Thai former professional Muay Thai fighter

Wirapon Karnthang (born January 29, 1975), known professionally as Hansuk Prasathinpanomrung (หาญศึก ปราสาทหินพนมรุ้ง), is a Thai former professional Muay Thai fighter. He is a former Lumpinee Stadium Super Bantamweight Champion who was active during the 1980s and 1990s.

==Biography and career==

Hansuk, inspired by a friend, began training and fighting in Muay Thai at 15 years old.

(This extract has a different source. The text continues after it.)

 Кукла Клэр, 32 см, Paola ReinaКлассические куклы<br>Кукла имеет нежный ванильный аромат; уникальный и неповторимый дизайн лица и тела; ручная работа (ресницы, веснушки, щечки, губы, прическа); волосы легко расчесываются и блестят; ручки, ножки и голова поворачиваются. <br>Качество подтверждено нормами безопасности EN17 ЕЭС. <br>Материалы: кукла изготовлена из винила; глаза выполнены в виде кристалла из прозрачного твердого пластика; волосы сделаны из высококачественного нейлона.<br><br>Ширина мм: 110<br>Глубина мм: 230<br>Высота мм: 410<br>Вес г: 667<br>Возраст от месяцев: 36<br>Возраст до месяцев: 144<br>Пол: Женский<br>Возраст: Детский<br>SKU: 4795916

He trained at the Nongkee Pahuyuth gym alongside fighters such as Namkabuan Nongkeepahuyuth, Therdkiat Sitthepitak, and Namphon Nongkeepahuyuth for 10 years.

He fought during the Golden Era of Muay Thai against many notable fighters including Karuhat Sor.Supawan, Lamnamoon Sor.Sumalee, Kaensak Sor.Ploenjit, Wangchannoi Sor.Palangchai, Hippy Singmanee, Chatchai Paiseetong, Nungubon Sitlerchai, Jaroensap Kiatbanchong, Mathee Jadeepitak, Sak Kaoponlek, and Meechok Sor.Ploenchit. The largest purse of his career was 220,000 baht, making him one of the few fighters who crossed the 200,000 baht threshold.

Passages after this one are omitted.